De Viriato solo nos acordamos los zamoranos y algunos historiadores. Ahora, como el Cid, después de muerto, llega, en una de sus famosas cabalgadas, hasta la capital del reino.

Para devolverle la pregunta a mis paisanos, viajo a Madrid y no me pierdo la exposición del Museo Arqueológico Nacional: "Lusitania romana, origen de dos pueblos".

Las hazañas del pastor lusitano dan para unas cuantas clases amenas de historia, aunque esta materia empieza a ser compañera de viaje de las matemáticas tocante a indigestarse en el "tracto intelectual" de los estudiantes.

El escultor de Moraleja del Vino, Eduardo Barrón, lo inmortalizó en una soberbia estatua que las enciclopedias Álvarez reproducían antaño hasta en la edición para parvulitos, cuando todavía nos andábamos rompiendo la cabeza con las primeras letras.

De cabeza trajo Viriato a los romanos hasta que una traición lo quitó de en medio. También este último episodio viene a mi mente con el grabado coloreado, en el libro de texto, del famoso cuadro de Madrazo, donde los capitanes del general-pastor lloran la muerte miserable de su jefe.

El final ya lo sabemos: "Roma traditoribus non premiat", frase que se está volviendo a oír estos días en la Unión Europea, a pesar de que el Latín, según dicen, es una lengua muerta, aunque no lo asegurarían los ingleses.

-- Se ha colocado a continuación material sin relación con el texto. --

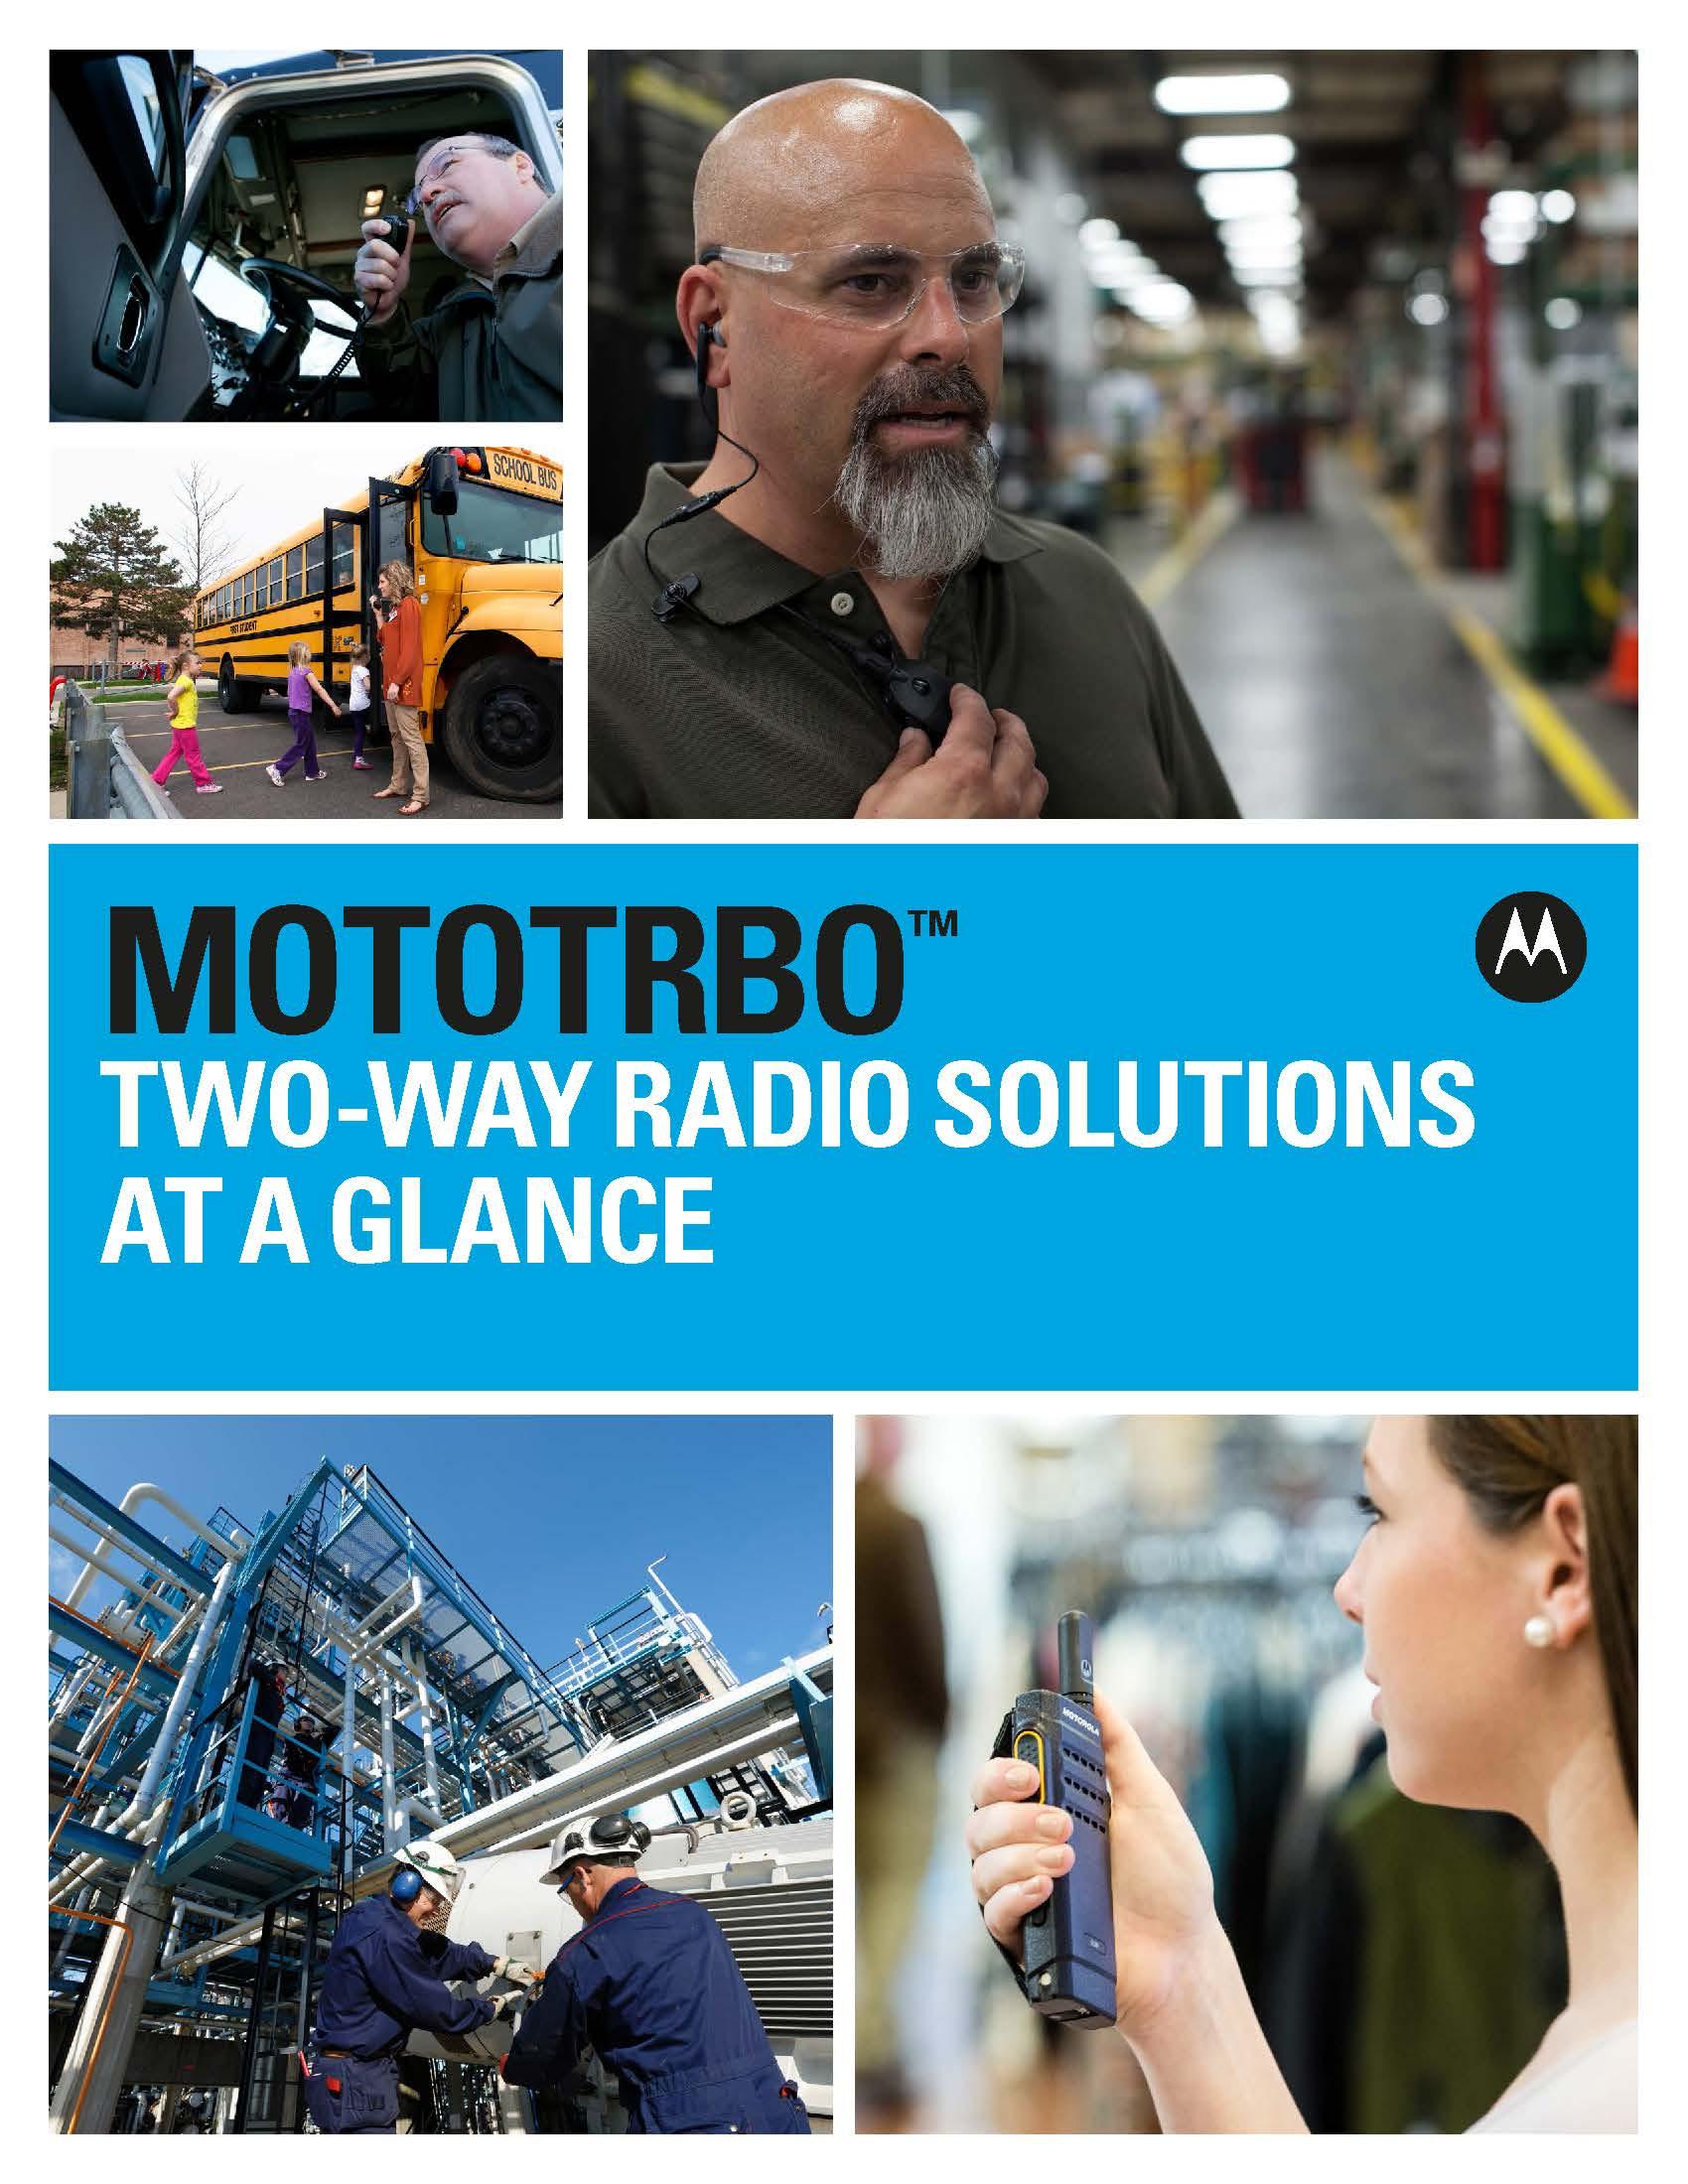 mototrbo_ataglance_brochure_Pagina_01

Pero los héroes no mueren y menos el nuestro que en la plaza de su nombre se yergue en un pedestal rocoso, como su propia estrategia militar, frente al enemigo prepotente.

De traiciones está hecha la historia, desde las Termópilas hace 2.500 años, con otro pastor decisivo, (felón en este caso) hasta Bellido Dolfos; y no nos olvidemos de Judas a quien muy expresivamente retrató en un "paso" Miguel Torija para la cofradía de La Santa Veracruz.

Las traiciones son los renglones torcidos de Dios: "Oh, feliz culpa, que nos mereció tan grande y excelente Redentor", escribió san Agustín.

La traición ignominiosa a Viriato derivó en una advertencia que, con el tiempo, Roma terminó pagando contra sí misma, a pesar de detestarla en otros.

Cuando los bárbaros rebasaron el "limes" pudieron ser ciudadanos romanos y algunos llegaron hasta el generalato.

Estilicón fue uno de ellos, pero la histeria de limpieza de sangre (que no la inventamos nosotros) continuaba y fue condenado injustamente, en razón de su origen.

La sombra de Viriato es alargada... hasta Madrid alcanza.